# My bunny's poop is coming out weird!!!!!



## Holland Lops1247 (Sep 27, 2012)

I have two 5-week-old Holland Lops. One has normal microscopic poop balls. The other one, has tiny microscopic poop balls. In a big clump. Its as big as a small grape and its sticking to his butt. I'm always having to get it off with a towel but lately it has been wet. Whats wrong with my bunny? Its really gross but is there anything I can do to help him?

PS: All he eats is alfalfa pellets and an untreated wicker tunnel. Which he just pretty much chews on it and doesn't eat it. Help please!


----------



## Blue eyes (Sep 27, 2012)

Hay. He needs hay. 
I would defer to those on here who breed and deal with babies, but it is my understanding that buns should really still be on their mother's milk til 8 weeks of age (along with pellets and hay). 
Here is a good article on the importance of proper nutrition when they are so young. Paragraphs 9 & 10 speak about weaning.

http://www.bio.miami.edu/hare/poop.html

...after reading more of your posts, I think it will be very important for you to read the above article. It completely talks to everything you are dealing with now, including how to keep your remaining buns safe.


----------



## Holland Lops1247 (Sep 27, 2012)

I have a bale of alfalfa hay. I gave them a box that attaches to the cage. I filled it with alfalfa hay and they are digging in.
:bunnyheart


----------



## Blue eyes (Sep 27, 2012)

oops! I edited my prior post and then saw that you posted as I was typing. Just wanted to be sure you saw my last line suggestion (above).

Great that you got them some hay in the meantime.


----------



## agnesthelion (Sep 27, 2012)

I agree that they were probably weaned too young and that article does provide alot of good info. How long have you had them and are they eating okay?

Anyway, also be aware that all rabbits produce Cecotropes or night droppings that look like what you described. They are moist amd stink really bad. Rabbits eat these for nutrients so we usually don't see them but you may every once in awhile and it could be what you are seeing now.


----------



## Holland Lops1247 (Sep 27, 2012)

*agnesthelion wrote: *


> I agree that they were probably weaned too young and that article does provide alot of good info. How long have you had them and are they eating okay?
> 
> Anyway, also be aware that all rabbits produce Cecotropes or night droppings that look like what you described. They are moist amd stink really bad. Rabbits eat these for nutrients so we usually don't see them but you may every once in awhile and it could be what you are seeing now.
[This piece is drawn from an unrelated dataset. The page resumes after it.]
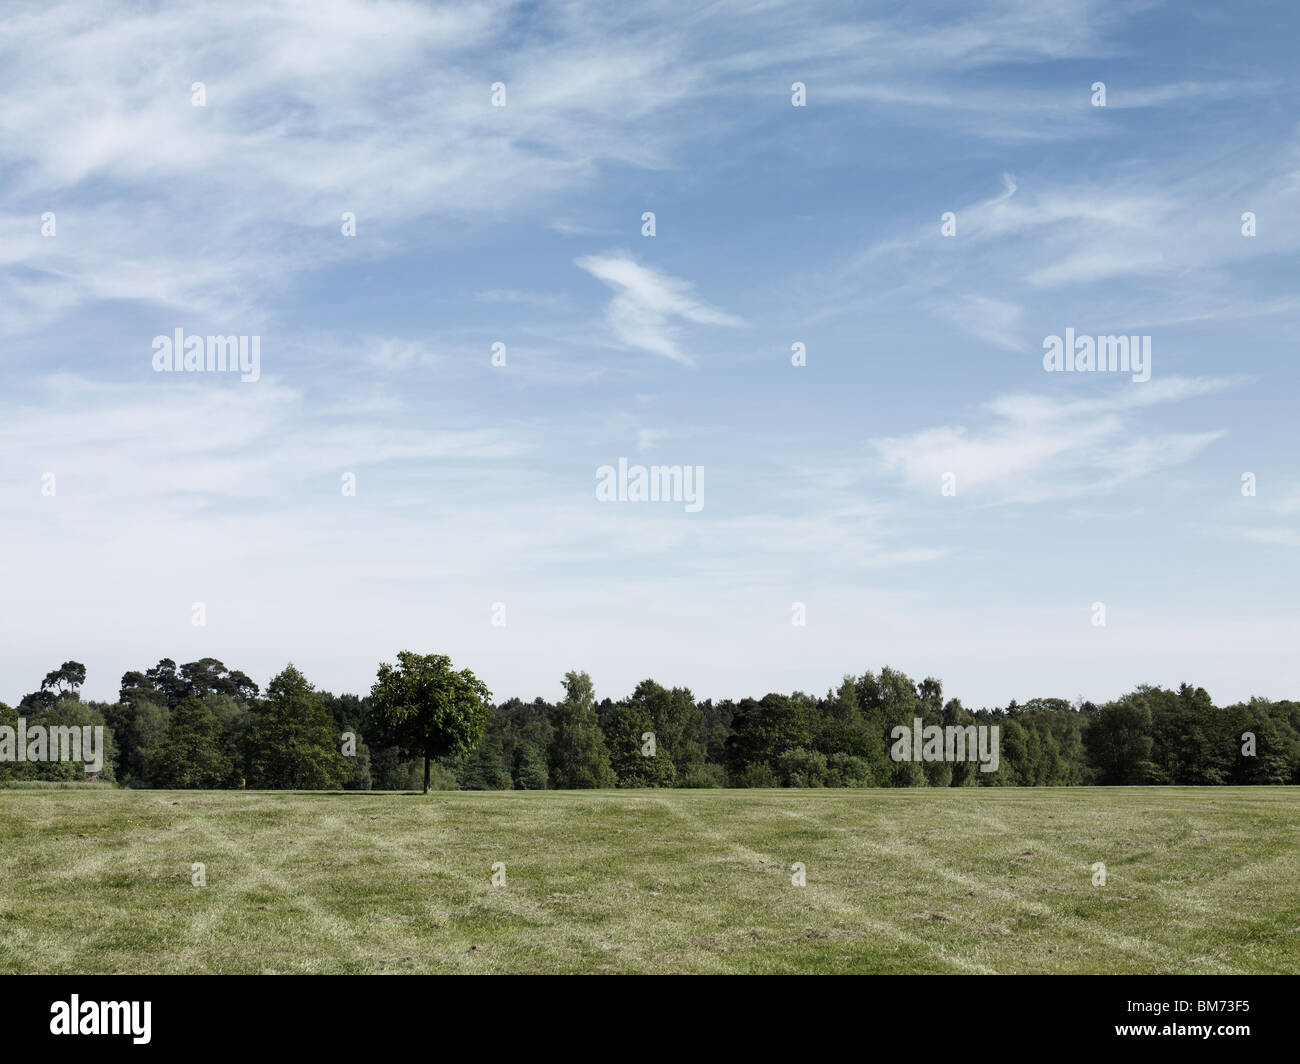 Image paysage d'un parking dans un champ, montrant les traces de pneu sur l'herbe, des arbres et un ciel d'un jour ensoleillé Banque D'Images

I've only had this bunny for about 3 or 4 days. They love the alfalfa hay and hopefully it'll help him.

And yes. It stinks and its moist. But its sticking to his tush. Is that normal?


----------



## Blue eyes (Sep 27, 2012)

Sticking is not normal. Please be sure to read the article from bio.miami.

I do hope your bunnies improve. The avatar photo is just adorable.


----------



## agnesthelion (Sep 27, 2012)

Cecotropes can most definitely stick. I think Suzette, you might be talking about diarrhea or runny poop that isn't "normal" but night droppings are moist, sticky poops that have potential to get caught and stick to fur.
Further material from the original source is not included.